High Noon

 Réalisation : Frank Zinnemann

  Sortie : 1952

  Genre : Western

  Durée : 85 minutes

 

 

Highnoonwide

 

Les six coups de midi

 

Western culte de Fred Zinnerman, Le train sifflera trois fois (en français) réussit la prouesse d’être un grand film dissimulant habilement une attaque politique. Les deux lectures du film sont passionnantes.

 

Attente sous tension

 

High Noon est avant tout un grand western, sans toutefois respecter tous les codes du genre. Dans une petite ville perdue dans le grand Ouest, Will Kane, un shérif s’apprête  à partir à la retraite quand il apprend que son ennemi juré est sur le retour. Frank Miller, un bandit qui a terrorisé la ville cinq ans auparavant, condamné à mort par ce shérif est déterminé à prendre sa revanche. Il arrive par le train de midi.

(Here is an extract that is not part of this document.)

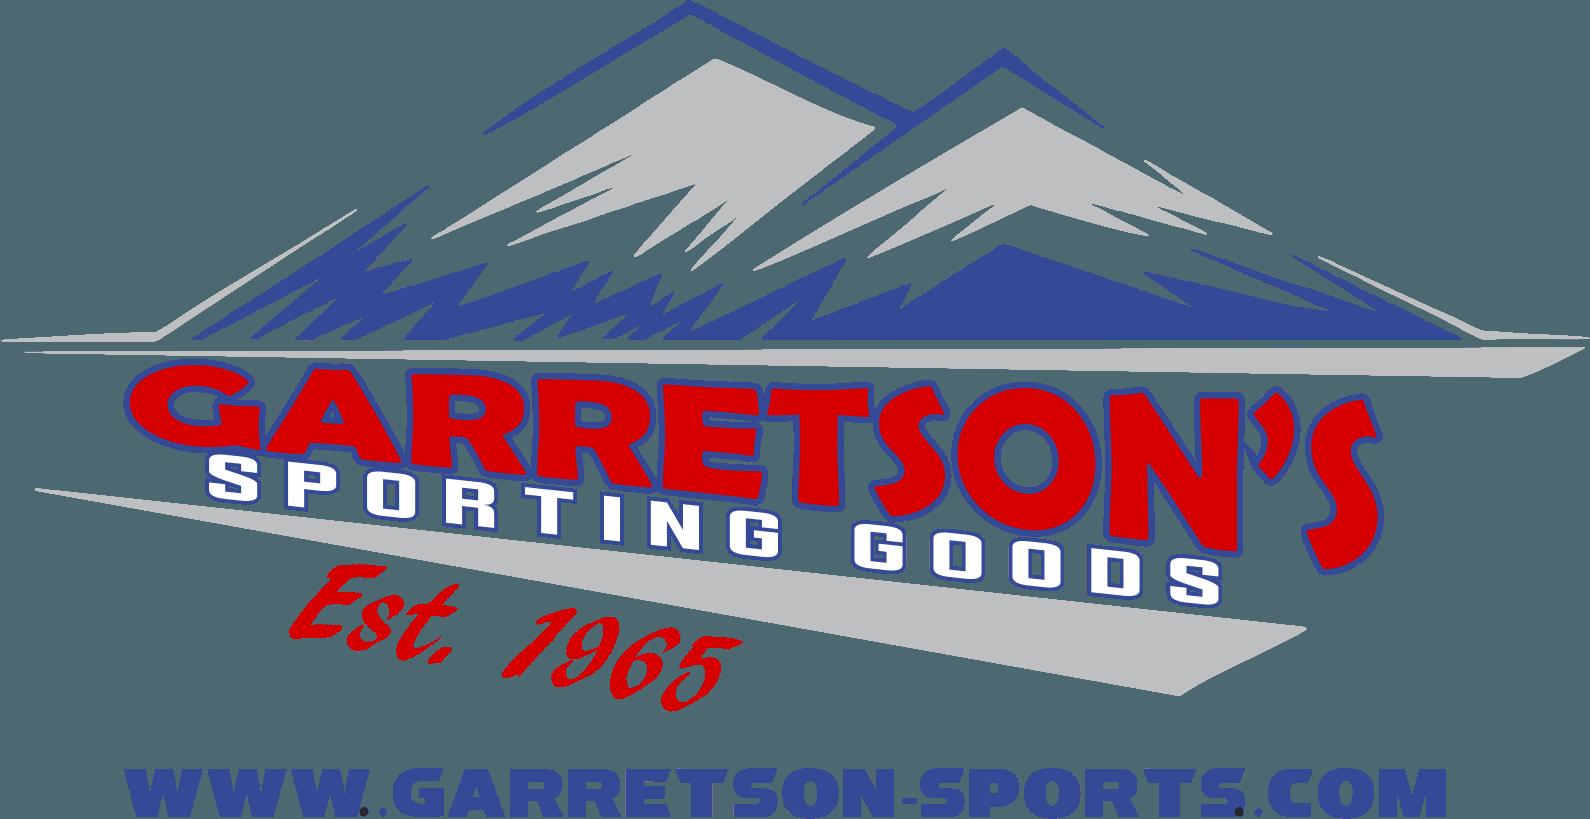 Garretson's Sports Center

La majorité du film se passe donc dans cette attente de l’ennemi. Fred Zinnerman arrive avec brio à faire de cet absent, une figure terrifiante. Tout le village le craint et le décrit comme un monstre. On ne sait jamais vraiment ce qu’il a fait : pas de flash-back, pas de récit, seulement la peur réelle et perceptible de l’ensemble d’un village.

Le film s’ouvre sur les acolytes de Frank Miller qui se réunissent à la gare, quelques heures avant l’arrivée du train. On a l’occasion de voir le terrible regard de Lee Van Cleef qui fait sa première apparition au cinéma. Son rôle est plus que minime, mais son physique immédiatement remarquable lui permettra d’incarner l’un des méchants les plus célèbres du cinéma américain quelques années plus tard. Une musique accompagne cette première séquence, une chanson pour être précis, qui résume parfaitement l’esprit du film, (« I can’t be leaving until I shoot Frank Miller dead ») plus efficace que n’importe quel synopsis, cette rengaine accompagnera tout le film et sera comprise progressivement par le spectateur, qui l’aura en tête plusieurs jours après le film. ( je la sifflote encore en écrivant cet article).

Les intrigues du village sont régulièrement coupées par des plans sur les trois acolytes patientant tranquillement à la gare, ou sur une pendule dont les coups semblent annoncer les coups de revolver. Frank Miller est aussi présent sur les lèvres de tous les habitants et chaque discussion tourne autour de cet affrontement inévitable. La tension ne peut donc que monter tandis que les aiguilles continuent à tourner et que le soleil s’approche de son zénith. Il est bientôt midi.

 

High noon clock

La pendule d'argent qui dit : je t'attends.

Malheureusement, seul bémol, la fin du film et l’affrontement final sont un peu décevants comparé à la force de la première heure du film. La scène est un peu expéditive et ne rend pas hommage à toute la construction faite autour de la figure de Frank Miller.

 

Un western atypique

Même si l’on retrouve de nombreuses caractéristiques de western américain, High Noon occupe une place particulière dans le genre. Nous sommes bien en présence d’un affrontement entre une figure du bien et une figure du mal à coup de revolver dans un petit village avec saloon à porte battantes. Cependant la construction du film autour de l’attente de l’ennemi principal donne une tonalité particulière au récit. Il y a en effet très peu d’action et ce qui se joue principalement touche plus à la rhétorique qu’au duel de pistolets. Le shérif doit en effet convaincre les habitants de se joindre à lui contre Frank Miller. La menace que représente celui-ci ne touche en effet pas tout le monde. C’est un conflit personnel : Frank Miller veut tuer Will Kane et rien d’autre.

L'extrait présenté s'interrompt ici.